Here’s a quick debrief-to-self of some of the things that came to mind…
There’s not a lot of time available and there’s still “traditional” work to be done
One of Ruby’s takes on the story was to name low ranking locations, and contact each one that was going to be named to give them a right to response. Contacting a couple of dozen locations takes time and diplomacy (which even then seemed to provoke a variety of responses!), as does then writing those responses into the story in a fair and consistent way.
Even simple facts can take the lead in a small story
…for example, x% of schools attained the level 5 rating, something that can then also be contextualised and qualified by comparing it to other categories of establishment or national, regional or neighbouring locale averages. As a data junkie, it can be easy to count things by group, perhaps overlooking a journalistic take that many of these counts could be used as the basis of a quick filler story or space-filling, info-snack glanceable breakout box in a larger story.
Is the story tellable?
Looking at data, you can find all sorts of things that are perhaps interesting in their subtlety or detail, but if you can’t communicate a headline or what’s interesting in a few words, it maybe doesn’t fit… (Which is not to say that data reporting needs to be dumbed down or simplistic…) Related to this is the “so what?” question..? (I guess for news, if you wouldn’t share it in the pub or over dinner have read it – that is, if you wouldn’t remark on it – you’d have to ask: is it really that interesting? (Hmm… is “Liking” the same as remarking on something? I get the feeling it’s less engaged…)
There’s a huge difference between the tinkering I do and production warez
I have all manner of pseudo-workflows that allow me to generate quick sketches in an exploratory data analysis sort of way, but things that work for the individual “researcher” are not the same as things can work in a production environment. For example, I knocked up a quick interactive map using the folium library in an IPython notebook, but there are several problems with this:
- to regenerate the map requires someone having an IPython notebook environment set up and appropriate libraries installed
- there isn’t much time available… so you need to think about what to offer. For example:
- the map I produced was a simple one – just markers and popups.

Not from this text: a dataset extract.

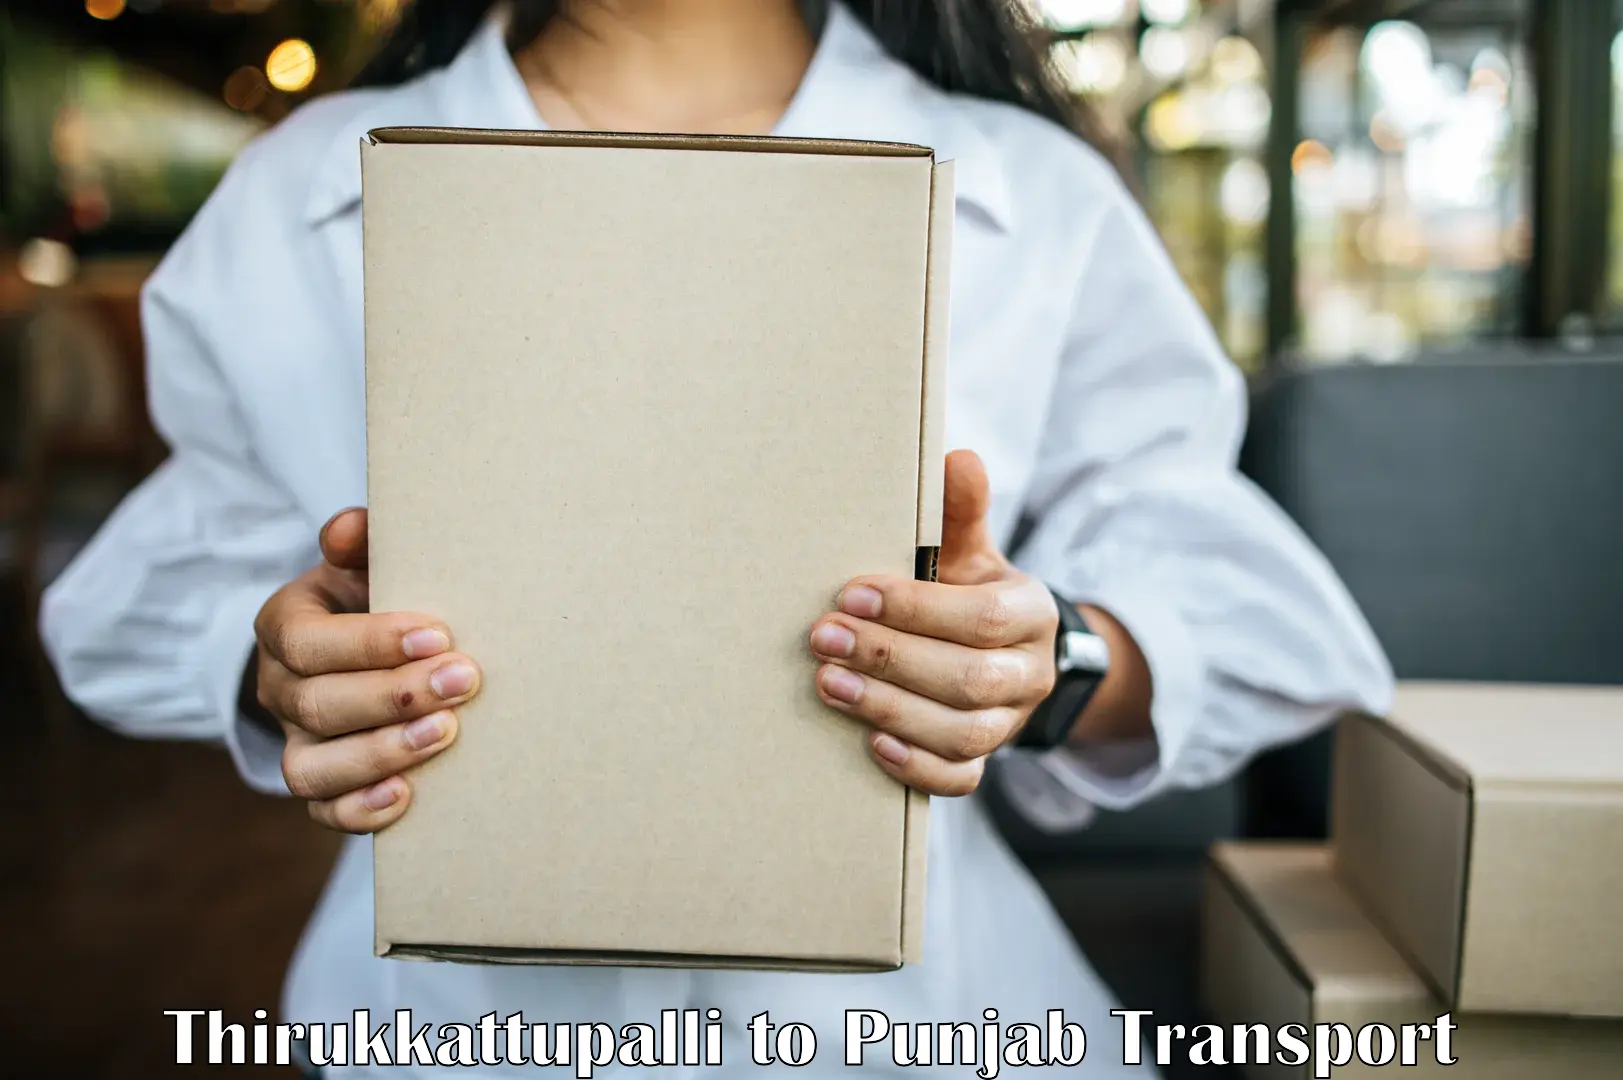 Material transport services Thirukkattupalli to Mandi Gobindgarh

At the time, I hadn’t worked out how to colour the markers or add new icons to them (and I still don’t have a route for putting numbers into the markers…), so the look is quite simple (and clunky)
- there is no faceted navigation – so you can’t for example search for particular sorts of establishment or locations with a particular rating.
Given more time, it would have been possible to consider richer, faceted navigation, for example, but for a one off, what’s reasonable? If a publisher starts to use more and more maps, one possible workflow may to be iterate on previous precedents. (To an extent, I tried to do this with things I’ve posted on the OU OpenLearn site over the years. For example, first step was to get a marker displaying map embedded, which required certain technical things being put in place the first time but could then be reused for future maps. Next up was a map with user submitted marker locations – this represented an extension of the original solution, but again resulted in a new precedent that could be reused and in turn extended or iterated on again.)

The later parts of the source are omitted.